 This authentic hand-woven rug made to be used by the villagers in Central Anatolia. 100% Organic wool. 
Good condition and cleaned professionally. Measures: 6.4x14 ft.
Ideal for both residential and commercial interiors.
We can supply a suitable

◆ ◆ ◆ ◆ ◆

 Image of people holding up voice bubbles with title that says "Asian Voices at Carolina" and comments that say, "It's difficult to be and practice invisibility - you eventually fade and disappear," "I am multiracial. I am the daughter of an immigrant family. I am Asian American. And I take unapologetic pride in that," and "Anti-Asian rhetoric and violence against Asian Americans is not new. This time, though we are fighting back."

◆ ◆ ◆ ◆ ◆

EXERCISE DETAILS: Copy out each line of the data above, exactly, if it lies between the line holding "This authentic hand-woven" and the line holding "We can supply a suitable", inclusive; copy no other line.

RESULT BELOW:
 This authentic hand-woven rug made to be used by the villagers in Central Anatolia. 100% Organic wool. 
Good condition and cleaned professionally. Measures: 6.4x14 ft.
Ideal for both residential and commercial interiors.
We can supply a suitable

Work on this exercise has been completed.